According to World Bank figures, the general unemployment rate in Tunisia is stagnant at 15.2 per cent, but it’s 37.6 per cent among youth and 62.3 per cent among graduates.
"The crisis, then, isn't an insignificant matter," noted the columnist Hazem Saghiya in the pan-Arab daily Al Hayat.
Commenting on the nationwide protests over the past week over the deteriorating economic situation in Tunisia, he noted that it hadn’t taken “malevolent forces or external powers” for trouble to flare up.
The protests were triggered by the death of Ridha Yahyaoui, a young man from Kasserine who, unable to secure employment in Tunisia’s floundering economy, killed himself in a public act of protest. The demonstrations that started in his home town soon spread to other cities.
Meanwhile, Tunisian president Beji Caid Essebsi and his prime minister Habib Essid have been reiterating calls for calm and cautioning that there is “no magic wand” to solve unemployment and the country’s other economic difficulties.
But these calls did little to appease the growing, frustrated crowds. On Monday, several thousand police officers staged a protest to demand more pay. They peacefully marched towards the presidential palace, where the presidential guard blocked the road.
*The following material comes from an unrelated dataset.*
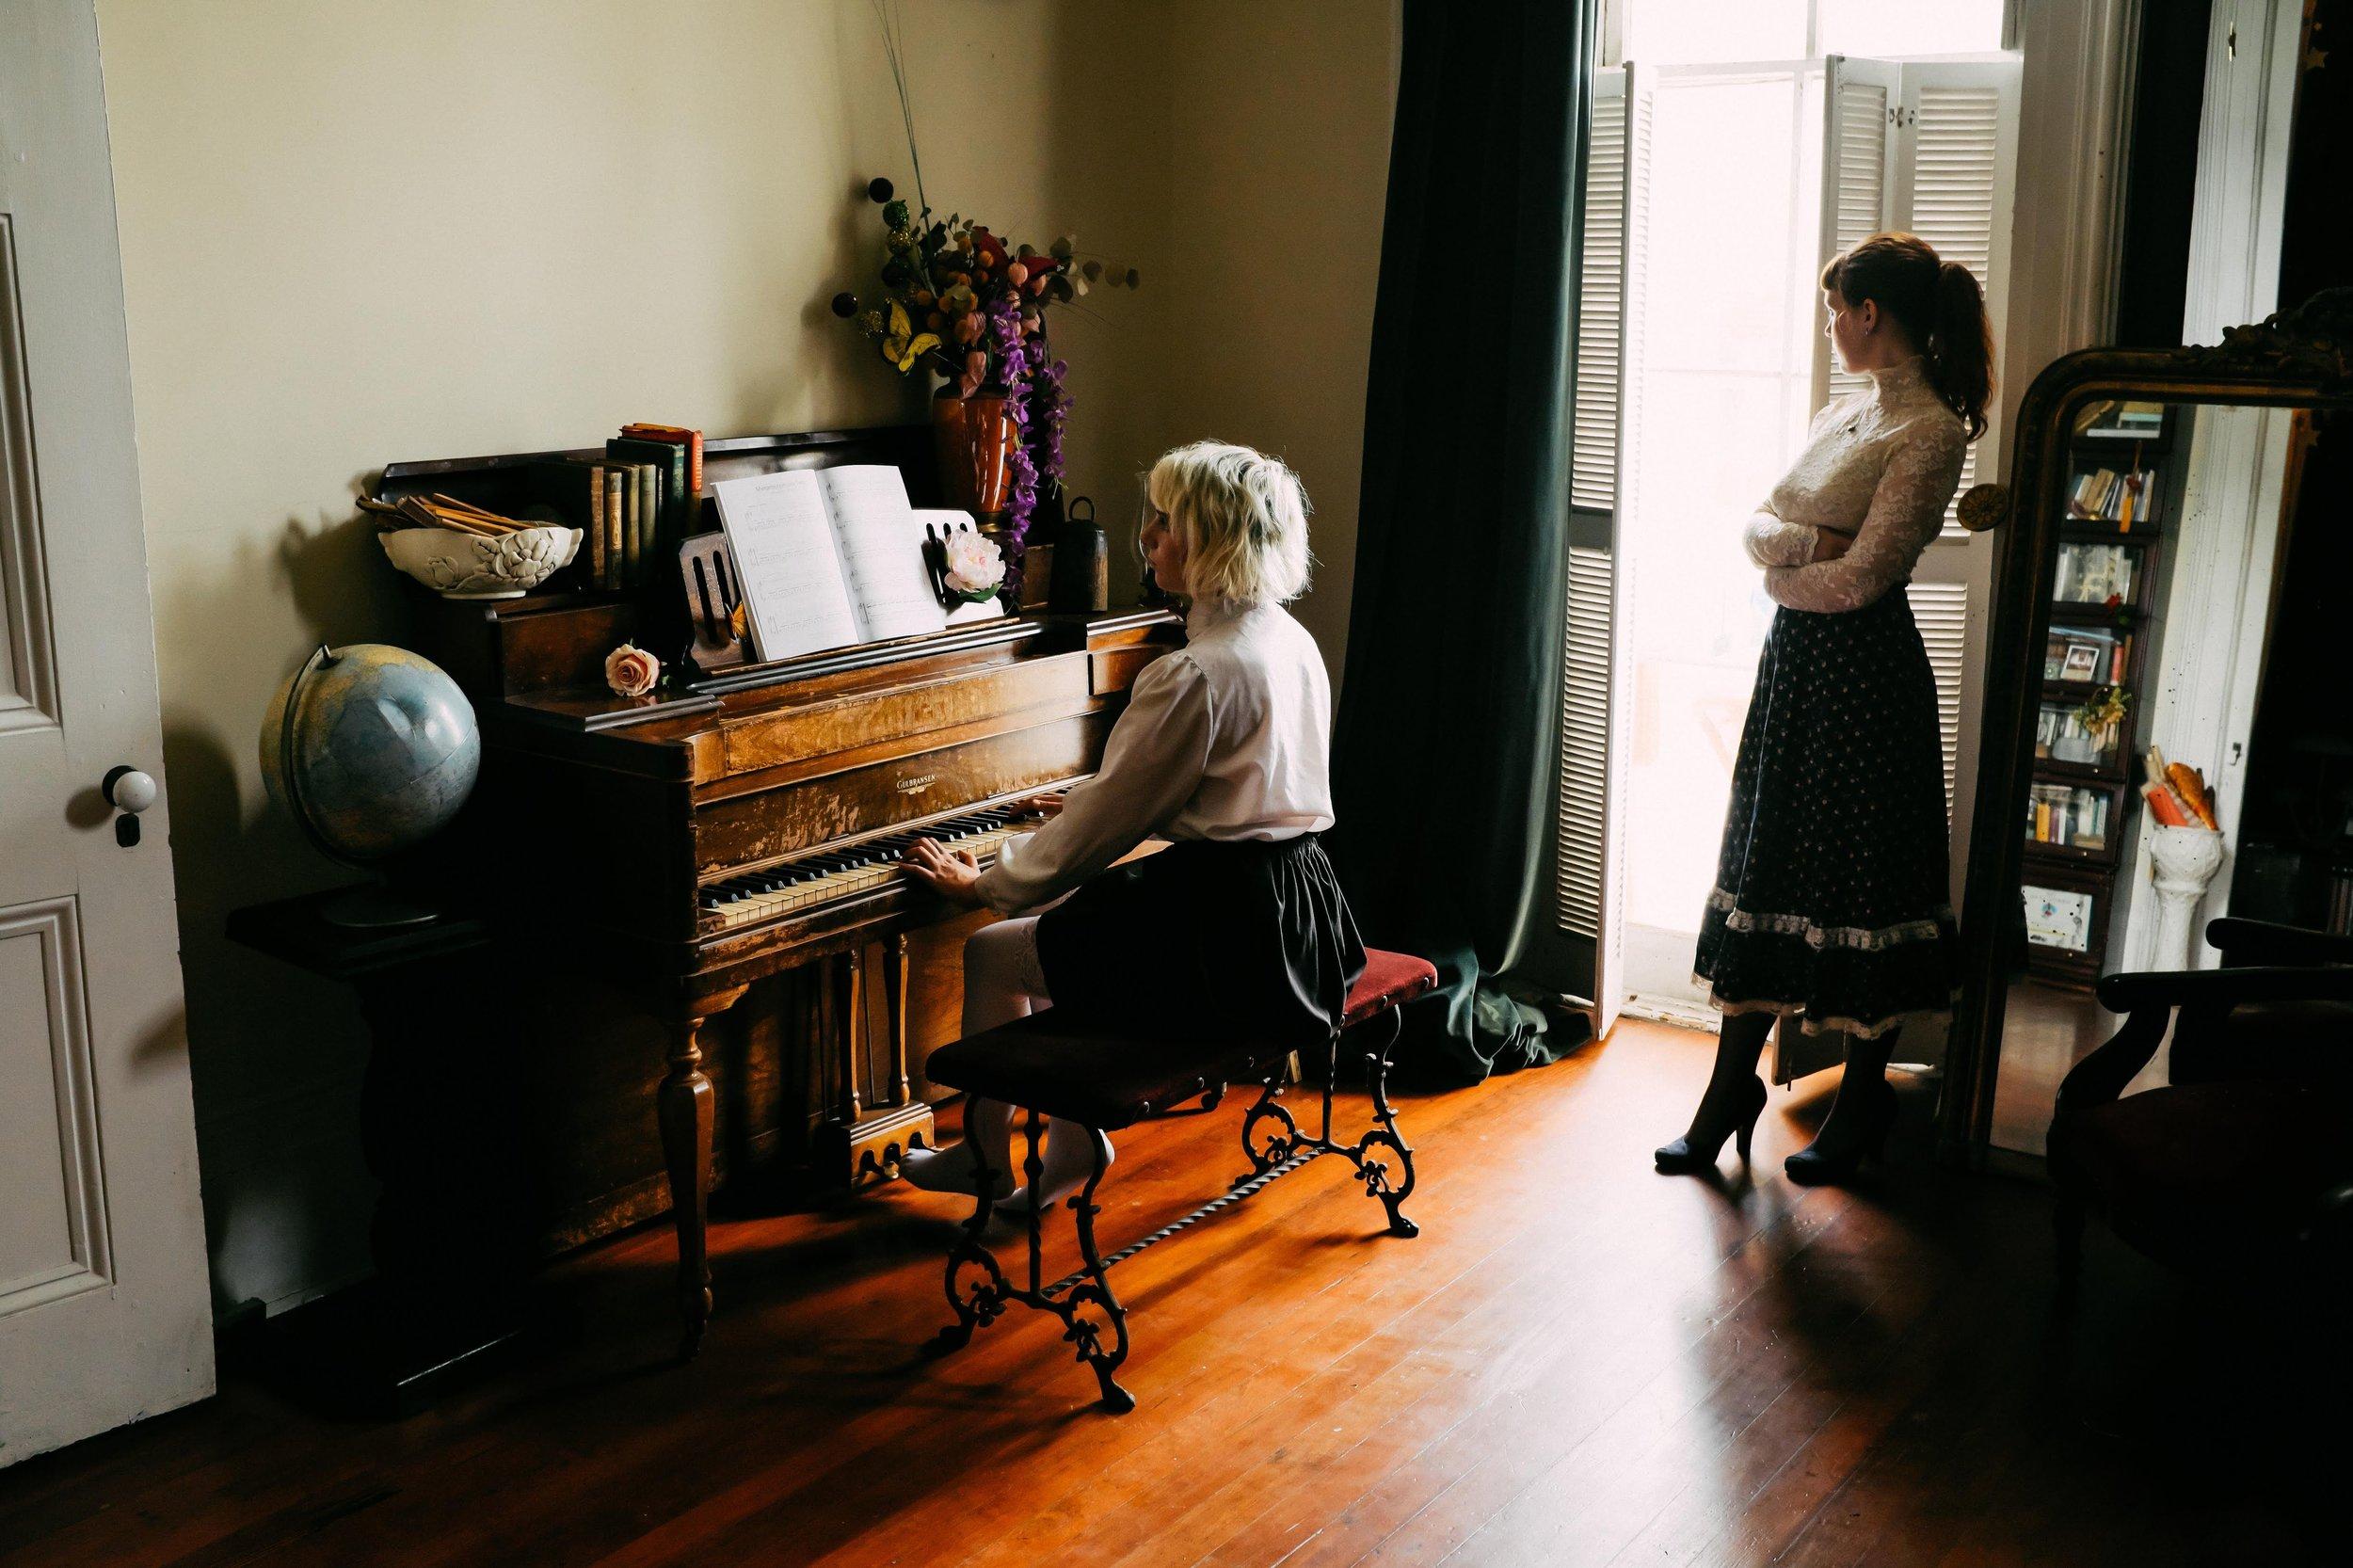 Alison&MadeleinePianoTeacherPhotoset-1.jpg

It is now five years since the onset of the Arab Spring. Tunisia is the birthplace of the movement and its revolution has been regarded as the most successful of all. But now protesters say that their new rulers are acting much like the ousted government of Zine El Abidine Ben Ali.
The writer said the new president’s response to the protests was defensive and harsh, attributing the cause of the country’s problems to chronic issues inherited from the former ruling regime and, at the same time, accusing “malevolent hands” of fuelling the protests.
Also writing for Al Hayat, Samir Al Sadawi wrote that the renewed protests had revived arguments about whether the 2011 revolution had been derailed.
He noted that it had failed to bring about much-needed change in terms of fair distribution of resources, nor had it addressed unemployment or created a more effective role for young people in the reconstruction of the country.
In addition to its war on terrorism, the political class in Tunisia has had to deal with many challenges, not least of which was the sharp divide within the ruling party, which had cost it a parliamentary majority.
“There is no doubt that the Tunisian crisis is due to bad planning,” the writer said.
He claimed that the majority of the unemployed had refused to work in menial jobs, forcing employers to rely on foreign labourers.
At the same time, while some 1,600 doctors were incapable of finding a job in Tunisia, the government had decided to open new medical universities, which would inevitably compound the plight of the jobless.
For his part, the columnist Samir Atallah wrote in the London-based daily Asharq Al Awsat that the reason for the renewed frustration was that the revolution didn't bring forth an alternative project.
When Ben Ali’s regime fell, Tunisia’s lucrative tourism industry went down with it.
“A revolution isn’t mere fires and slogans,” the writer said. “It is an immense responsibility.
“A revolution that doesn’t offer a better alternative is in fact a failed adventure. The Arab peoples must accept that they, too, are partners in responsibility and they must realise that riots and protests that bring the country to a standstill have grave repercussions.”